To our knowledge, this study is the first comprehensive investigation of the human virome in a variety of tissues in healthy individuals through meta-transcriptomic analysis. Further investigation of the associations described here, and application of this analytical pipeline to additional datasets, will be useful to reveal the impact of viral infections on human health.
Advances in next-generation sequencing (NGS) methods in recent decades have made comprehensive surveys of a variety of microorganisms possible. Metagenomic analyses have explored microorganisms, including bacteria, phages, and viruses, in a variety of places, such as the oceans [1,2,3,4] and soils [5,6,7] and on Earth . Perhaps, the most deeply surveyed microbiome is that of humans. The Human Microbiome Project aims to characterize bacteria, viruses, and other microorganisms in the human body [9, 10]. As they often live outside human cells, the human bacterial microbiome has been well described in multiple organs and samples via non-destructive sampling: the bacterial microbiome of the skin [11, 12], oral cavity , and gastrointestinal tract (including feces)  are well described. A major theme emerging from these studies is that, while certain microbial species are associated with pathology, many components of the microbiome likely play a symbiotic role in maintaining human health (reviewed in [15,16,17,18]).

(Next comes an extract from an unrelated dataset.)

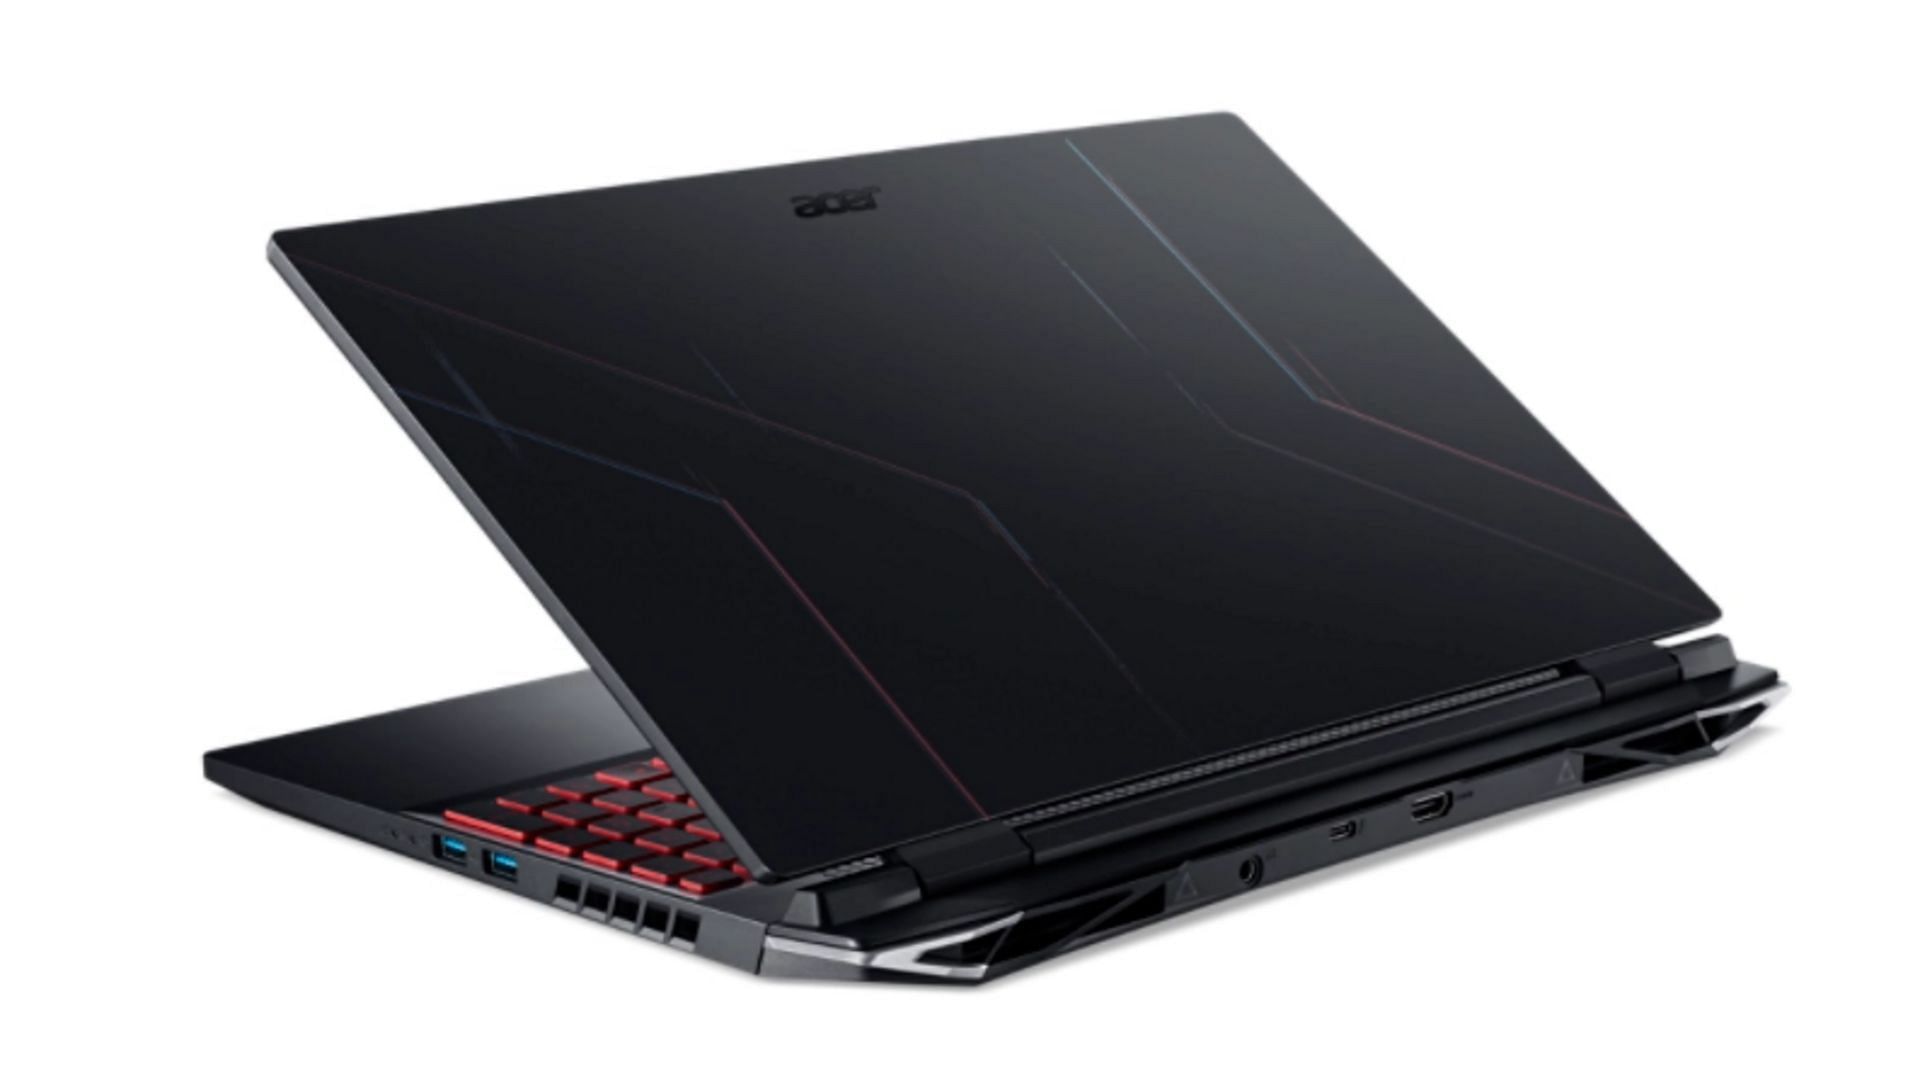 The A͏c͏er Nit͏ro ͏5 AN515-58-525P is a thin and light gaming laptop (Image via Acer)

Many viruses are clearly human pathogens: human immunodeficiency virus (HIV) and influenza virus are the causative agents of human diseases, and Epstein-Barr virus (EBV; also known as human herpesvirus 4 [HHV-4])  and hepatitis C virus (HCV)  can drive oncogenesis. On the other hand, similar to the cases of the human bacterial microbiome, some viruses can chronically infect a broad range of human tissues without overt pathology. Previous studies have suggested that these viruses nonetheless have detrimental effects. For example, human respiratory syncytial virus and human rhinoviruses may play an important role in the inceptions of childhood asthma and atopic asthma, respectively [21, 22]. On the other hand, there are a few examples of viruses that exhibit protective effects. For example, GB virus C (GBV-C, also known as hepatitis G virus [HGV]) infection can be protective against HIV infection and improve survival . In experiments using animal models, latent infection with murine gammaherpesvirus, which is genetically related to EBV in humans, confers symbiotic protection from bacterial infection . Thus, virus infections are associated with multiple aspects of human health, and revealing the human “virome” would be beneficial for understanding the hidden mutualism and/or conflict between humans and viruses . In the largest study of the human virome to date, Simon et al. performed meta-transcriptome analysis using more than 17,000 human RNA-sequencing (RNA-Seq) datasets to reveal the human virome . However, the dataset used in this previous study is related to human diseases. Moustafa et al. used DNA-sequencing data obtained after whole-genome sequencing of more than 8000 “healthy” subjects using blood samples. The authors detected 19 human viruses in the blood; however notably, their approach was “blind” to RNA viruses . Previous studies of the human virome have used specimens that are relatively easy to access in healthy individuals (e.g., blood or skin). In other words, it is technically difficult to obtain the somatic tissues from inside the human body (e.g., brain and internal organs) of healthy individuals for virome investigation. Moreover, it remains unclear (1) what kind of viruses infect in various tissues in healthy individuals and (2) how these virus infections influence human gene expression and perturb the homeostasis of these tissues.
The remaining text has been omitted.